The terms of the agreement between Thomas Cook and the Group no longer seem to be publicly available – Thomas Cook indicated that they are not published on its website. However, I made detailed notes of the contract terms when the deal was announced.
The new business was to be 70% owned by Thomas Cook and 30% by the Group. More significantly, from the fifth year onward the Group has the option to require Thomas Cook to buy it out – and Thomas Cook has the option to require the Group to sell. While the merged business may continue as a joint venture – and both parties stressed the intention of this being a long term arrangement – it is possible that the Group will cease to be involved from 2015.
Thomas Cook declined to be drawn on the question of whether it intends to exercise its option. Its spokeswoman said: “We’re not able to comment on these points.”
However, it should be added that under the terms of the deal – as I noted them down at the time – even if the Group sells its stake to Thomas Cook, the latter continues to have ownership of the Co-operative Travel brand name for a further two years. That, of course, would change if a third party acquires the brand name in the mean time. Thomas Cook said it was unable to comment on the likely timescale for rebranding the remaining Co-op Travel branches as Thomas Cook.

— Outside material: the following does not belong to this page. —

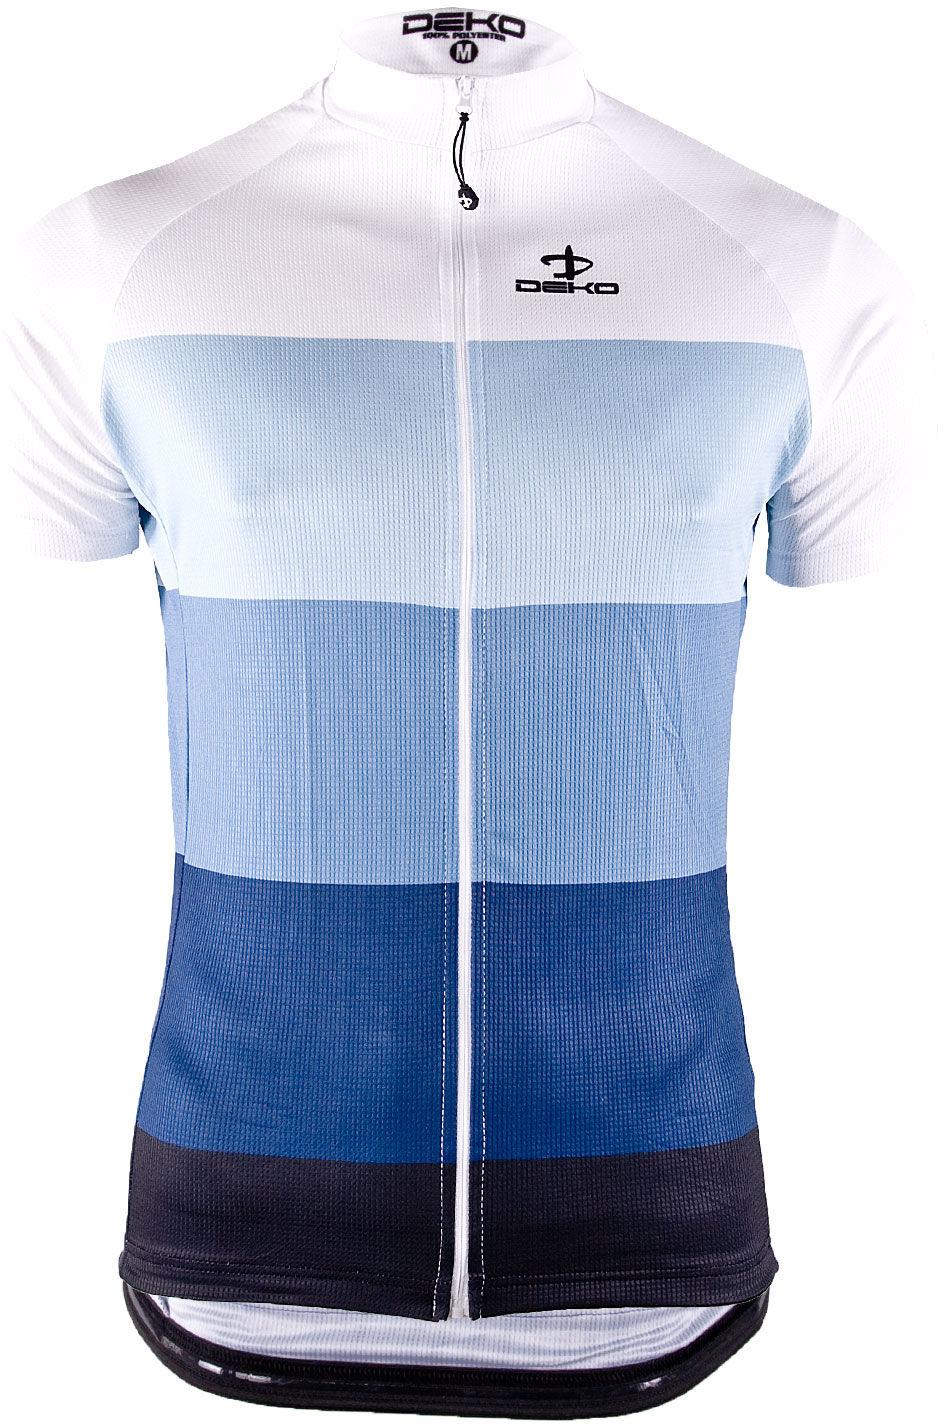 DEKO męska koszulka rowerowa krótki rękaw Niebieska MNK-002-04 Rozmiar: 2XL,MNK-002-04
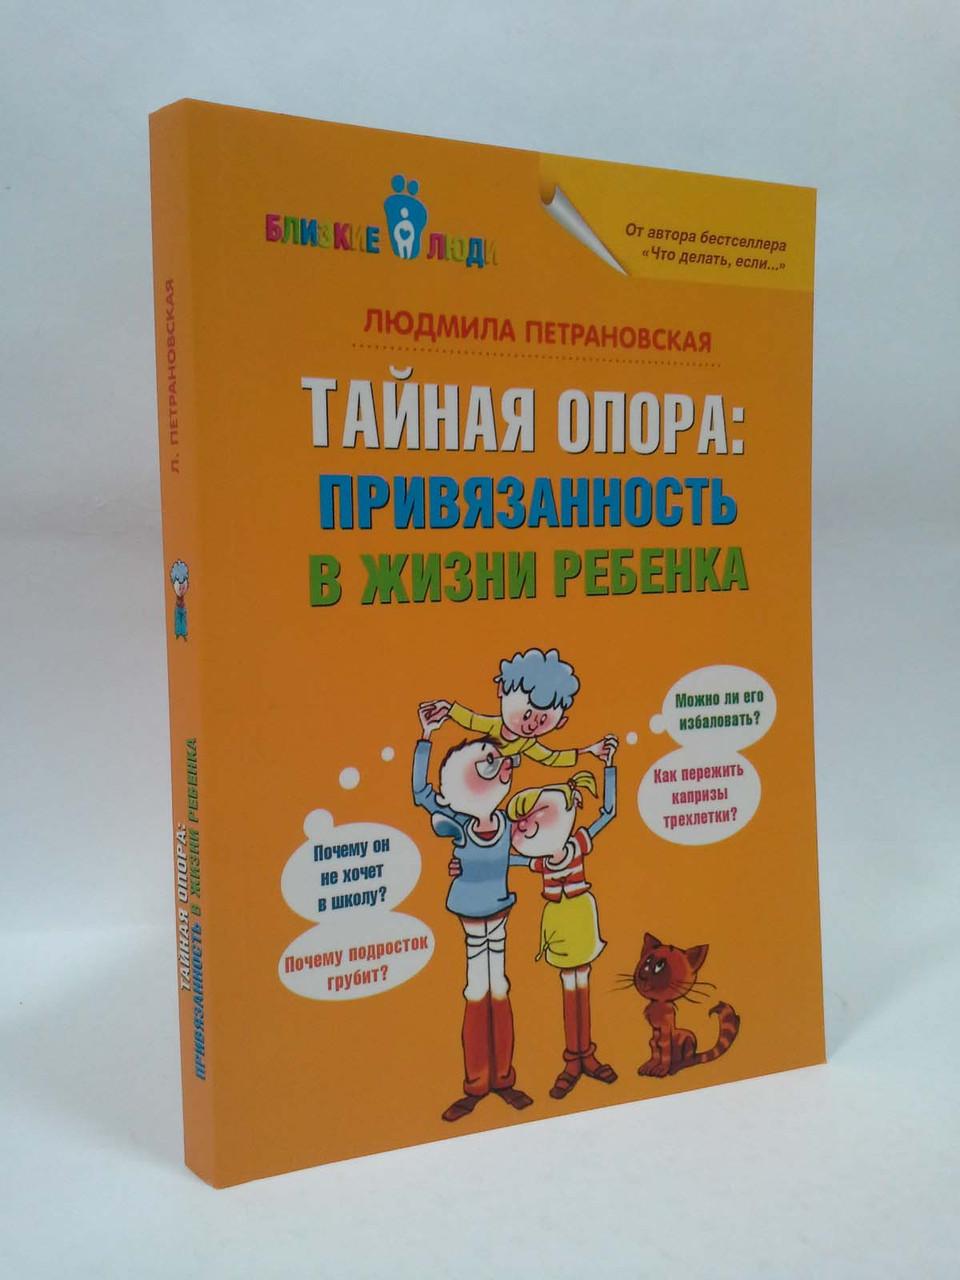 АСТ Петрановская Тайная опора: привязанность в жизни ребенка

In financial terms the merger has been a resounding success. A year ago the merged company’s shares were virtually worthless. Now they sell for about £1.60 a share – reflecting the turnaround in the company. After a period of severe losses, the company is making a significant profit. That potentially makes an acquisition by Thomas Cook of the Co-op Group’s stake very expensive – perhaps unaffordably so. Alternatively, it would represent a potential large scale windfall for the Group.
(The agreed sale price is four times annual profit if sold as a ‘put’ by the Group, or five times annual profit, if sold as a ‘pull’ by Thomas Cook. Annual profit is measured by EBITDA, earnings before interest, tax, depreciation and amortisation.)
The turnaround has been more Thomas Cook than Co-op Group. The chairman and chief executive of the merged business came from Thomas Cook, while the chief finance officer came from Co-op Travel. (A new chief executive has since been recruited from outside.) The most significant presence on the board of the combined business was that of the then Group chief executive.
While the Group’s CEO Peter Marks did not initially take his salary as a non-executive director of Thomas Cook, I assume that he now does so. Thomas Cook’s spokeswoman explains: “Peter Marks is still a non-executive director. He was appointed on 1st October 2011 and his director’s remuneration is stated on page 64 of the Thomas Cook Group’s 2012 Annual Report & Accounts as £66,000 base salary fee. We are not able to comment further on his remuneration or whether he will continue in the position.”
Given the concerns over the crisis at the Bank and the comments made to the House of Commons Treasury Select Committee by former Bank chief executive Neville Richardson it will be interesting to see what reaction there is to the Group’s former chief executive still receiving a significant fee for his role as non-executive director of Thomas Cook.